All you have to do is choose which videos you want to watch and answer a few quick questions about them afterward. Brands pay InboxDollars to get these videos in front of viewers, and it passes a cut onto you.

InboxDollars won’t make you rich, but it’s possible to get up to $225 per month watching these videos. It’s already paid its users more than $56 million.

It takes about one minute to sign up, and you’ll immediately earn a $5 bonus to get you started.

4. Ask This Website to Pay Your Credit Card Bill This Month

Just by paying the minimum amount on your credit cards, you are extending the life of your debt exponentially — not to mention the hundreds (or thousands) of dollars you’re wasting on interest payments. You could be using that money to beef up your emergency savings, instead.

The truth is, your credit card company is happy to let you pay just the minimum every month. It’s getting rich by ripping you off with high interest rates — some up to nearly 30%. But a website called AmOne wants to help.

If you owe your credit card companies $50,000 or less, AmOne will match you with a low-interest loan you can use to pay off every single one of your balances.

The benefit? You’ll be left with one bill to pay each month. And because personal loans have lower interest rates (AmOne rates start at 3.49% APR), you’ll get out of debt that much faster. Plus: No credit card payment this month.

AmOne keeps your information confidential and secure, which is probably why after 20 years in business, it still has an A+ rating with the Better Business Bureau.

It takes two minutes to see if you qualify for up to $50,000 online. You do need to give AmOne a real phone number in order to qualify, but don’t worry — they won’t spam you with phone calls.

5. Get a Side Gig And Make More Money

Let’s face it — if your monthly income is less than what your monthly expenses are (and you’ve run out of things to cut), you need more money.

Well, we all could use more money. And by earning a little bit extra each month, we could make sure we’re never taken by surprise when an ER visit tries to drain our savings.

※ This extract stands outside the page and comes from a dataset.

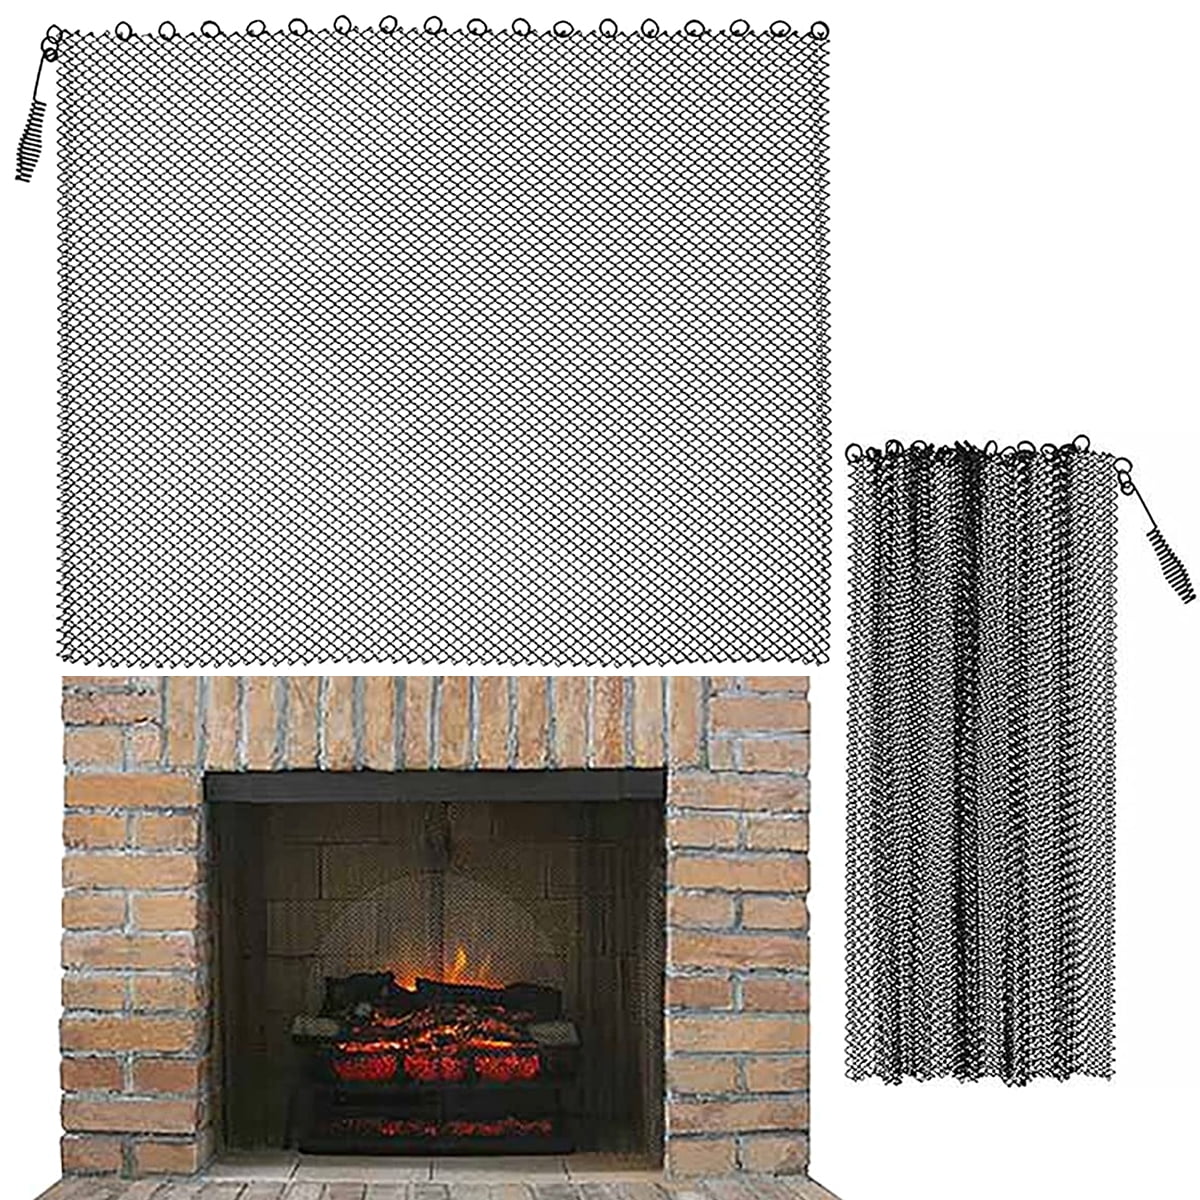 Toorise 2Pcs Fireplace Mesh Screen Curtain,Heat Resistant Fireplace Spark  Guard Curtain for Fireplace,ire Screen Single Panel,Easy  Installation,24×18/24×20/24×22inch

Luckily, earning money has never been easier with the rise of the “Gig Economy”. Here are 31 simple ways to make money online. Which one could you do to pad your emergency savings?

This was originally published on The Penny Hoarder, which helps millions of readers worldwide earn and save money by sharing unique job opportunities, personal stories, freebies and more. The Inc. 5000 ranked The Penny Hoarder as the fastest-growing private media company in the U.S. in 2017.